I am not a pacifist. I never claimed to be one, though I spent my adolescence gobbling up nonviolent strategies and spouting that I could not imagine a situation in which I would ever yield a weapon. I don't even believe in killing mosquitoes. After a recent sojourn to El Salvador with a delegation to the Martyrs of Justice Conference, however, I can say there are circumstances in which I would be willing to fire a gun.

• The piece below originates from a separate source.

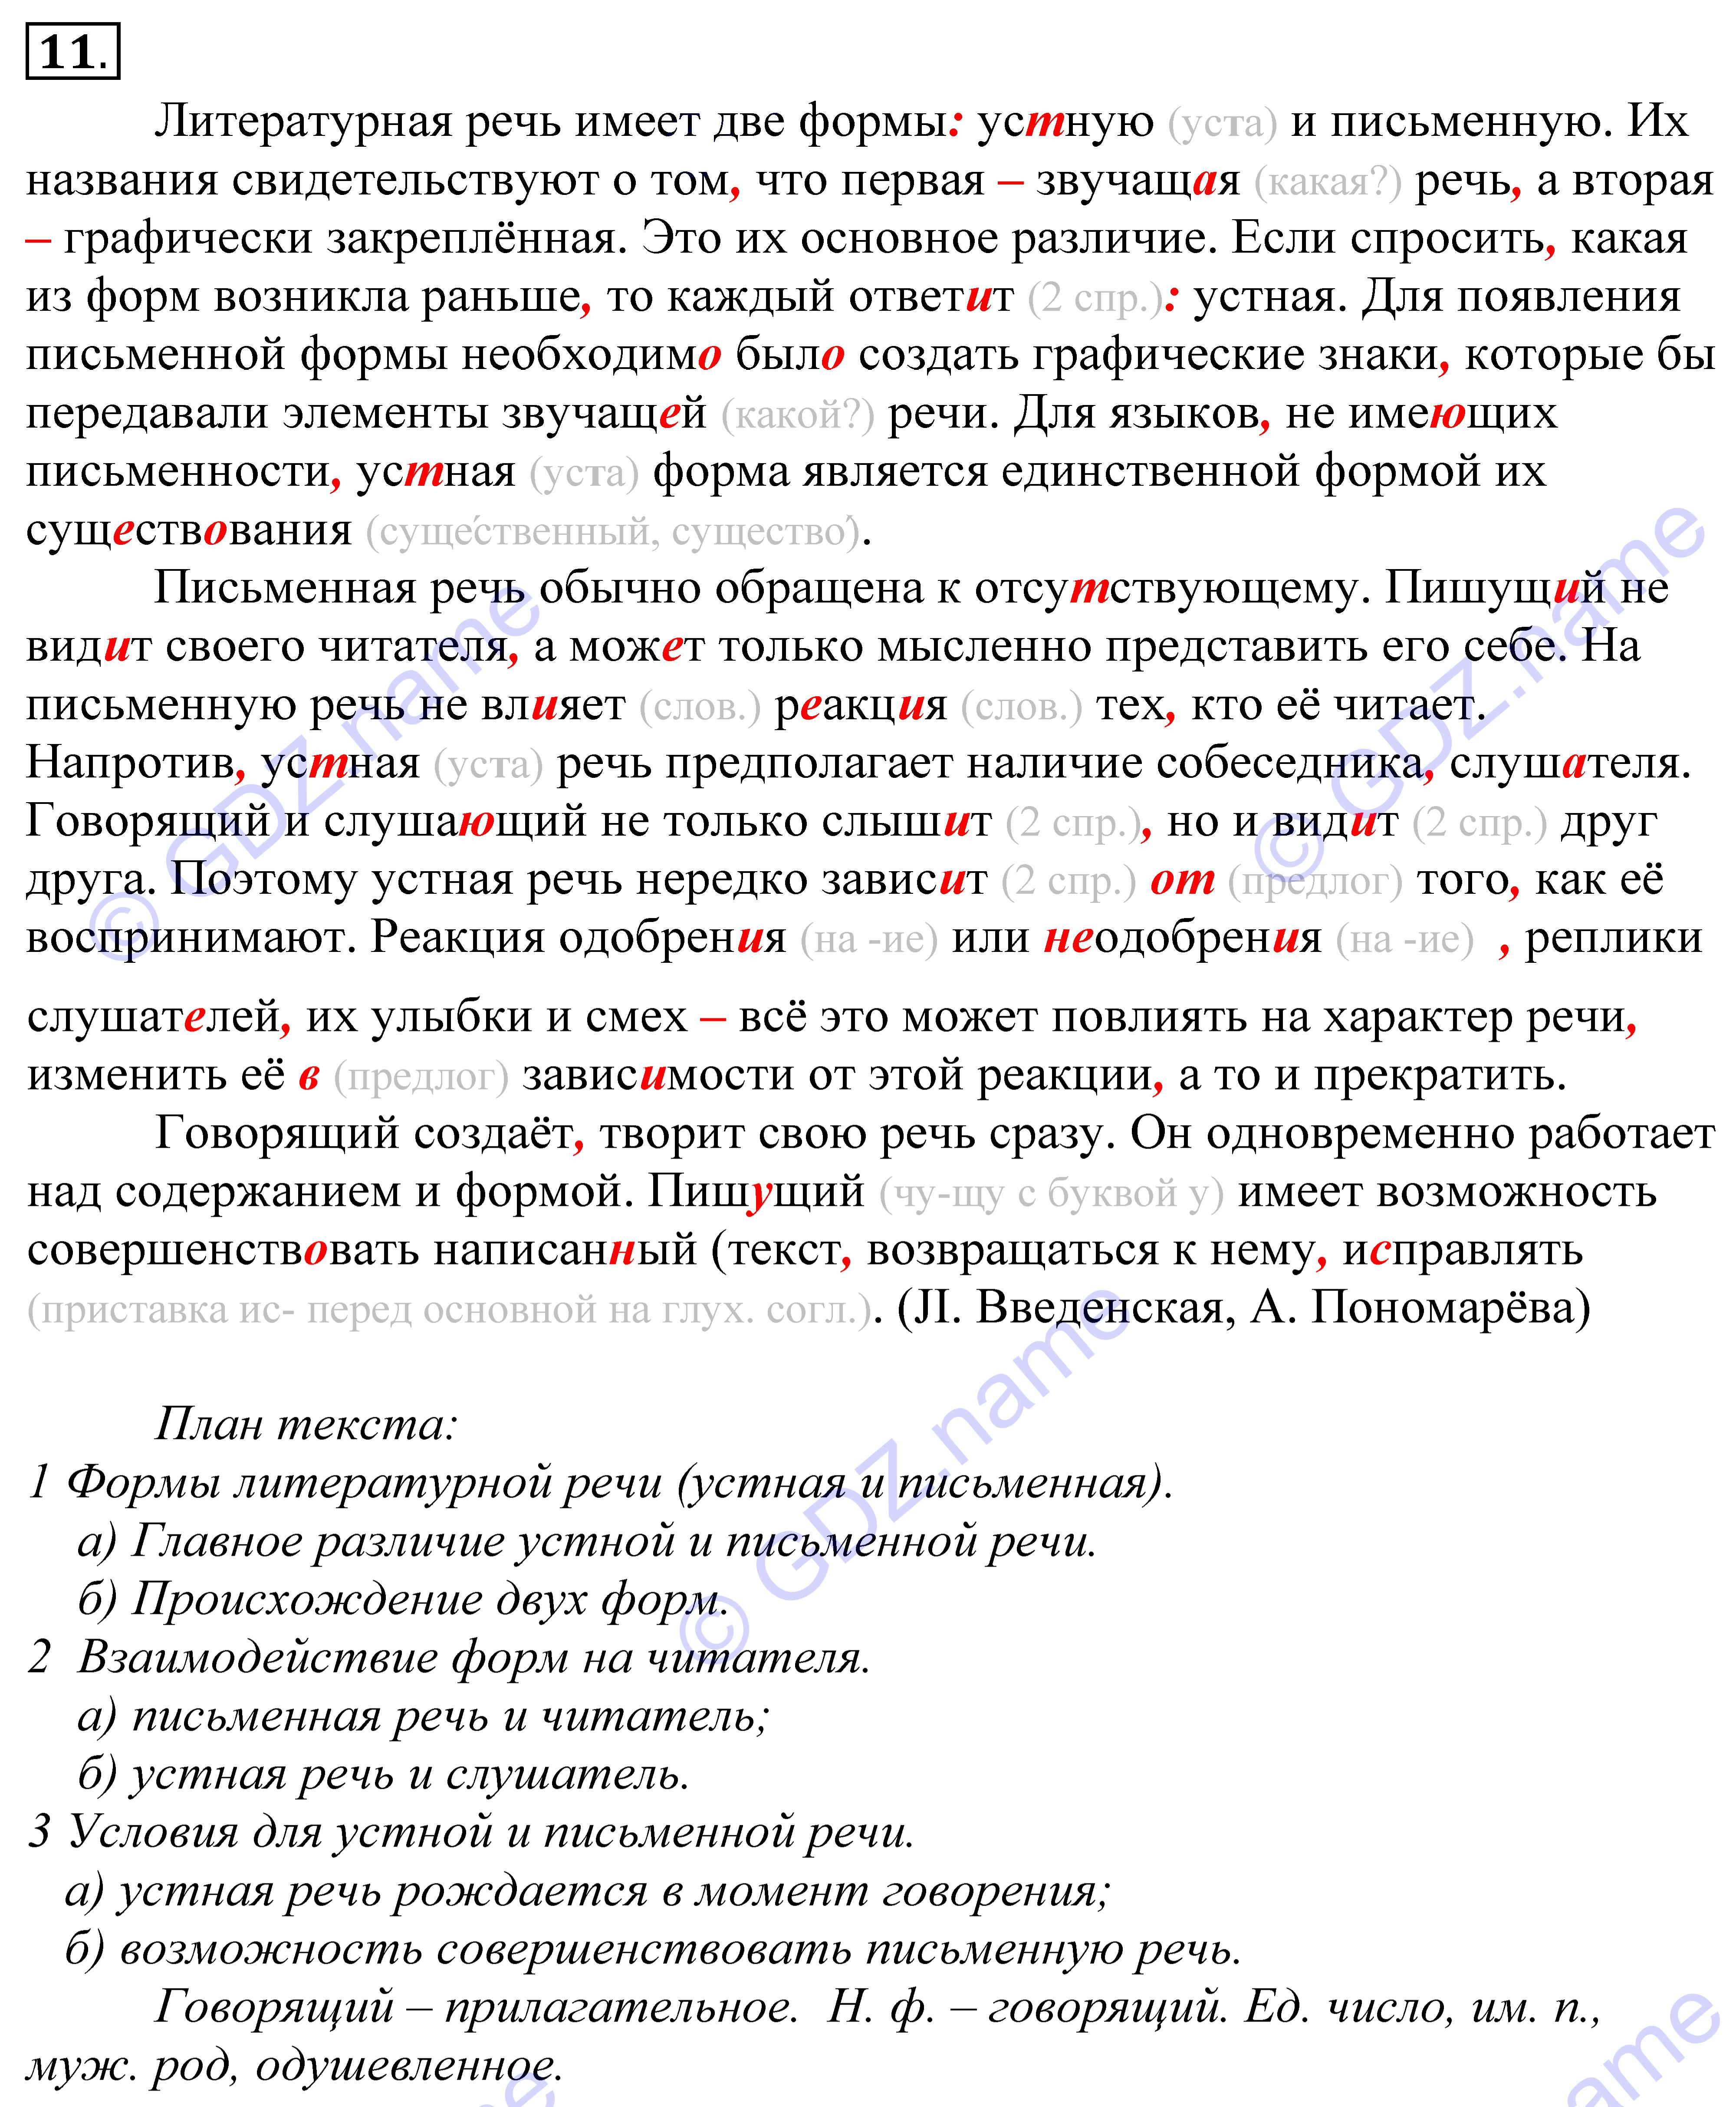 Русский язык 10-11 класс 2018 власенков скачать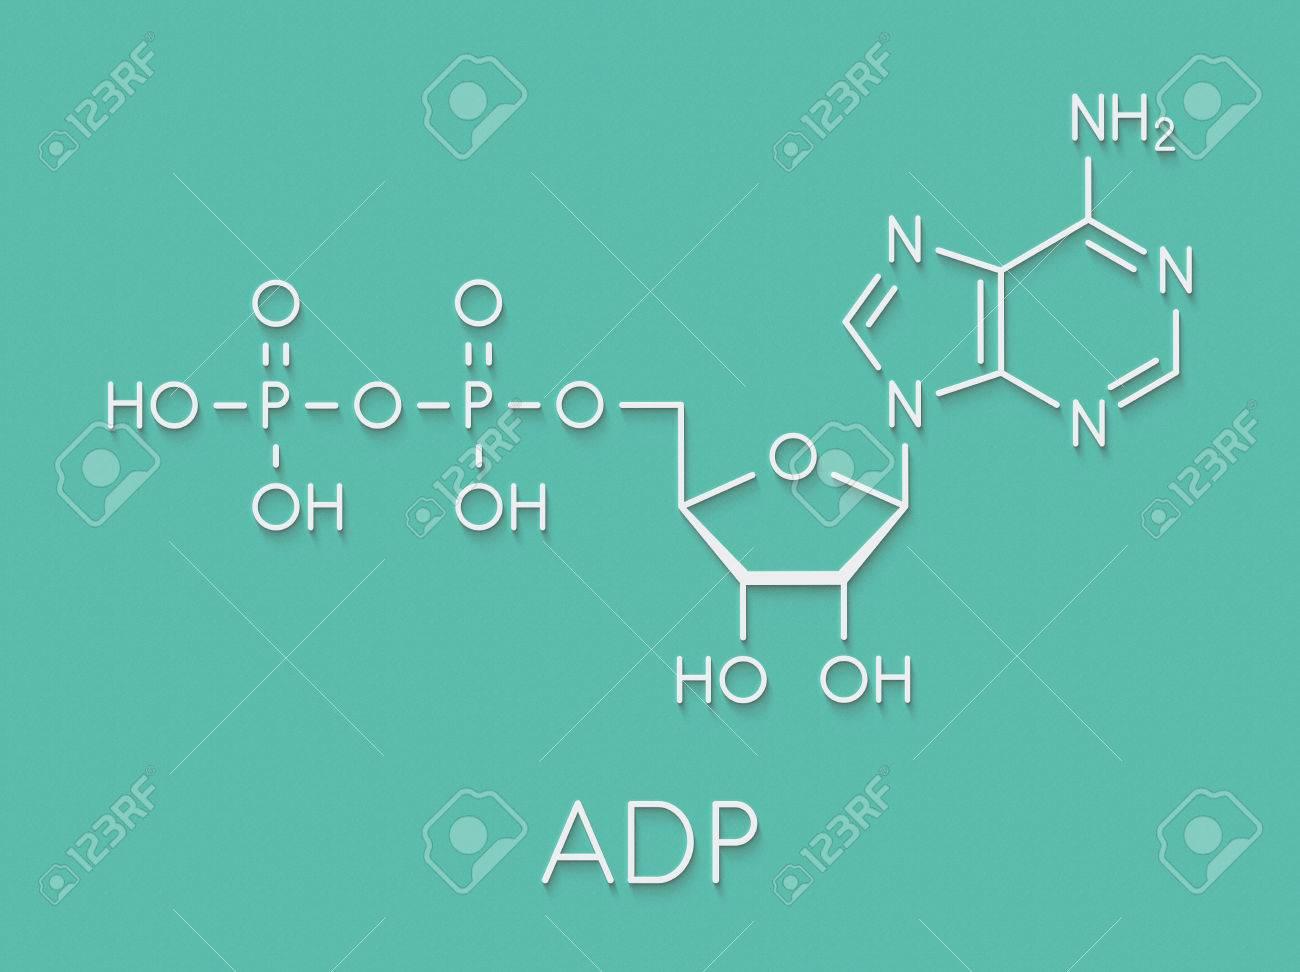 Adenosine Diphosphate Adp Molecule Plays Essential Role In

Not that I expect to find myself in the middle of a horrific civil war anytime soon, or watch my family disappear to torture chambers, with my community subject to policing by death squads. I will probably never witness my friends being brutally raped or have my children taken from my arms and thrown against a wall or gunned down.

  Delegation in coffee shop.
The delegation visited Photocafé, the only fair-trade coffee shop in Central America.
Photo by Cat Bucher.
 
             
 

But everyone I met in El Salvador has lived through such circumstances. The Salvadoran war began in 1979 and ensued for 13 years, with an offensive between guerillas defending the poor and a U.S.-supported military exerting wealth, power, and control. People my age recount spending the first half of their lives in refugee camps or sleeping next to an AK-47, prisoners of circumstance juxtaposed to my adolescent privilege of choice.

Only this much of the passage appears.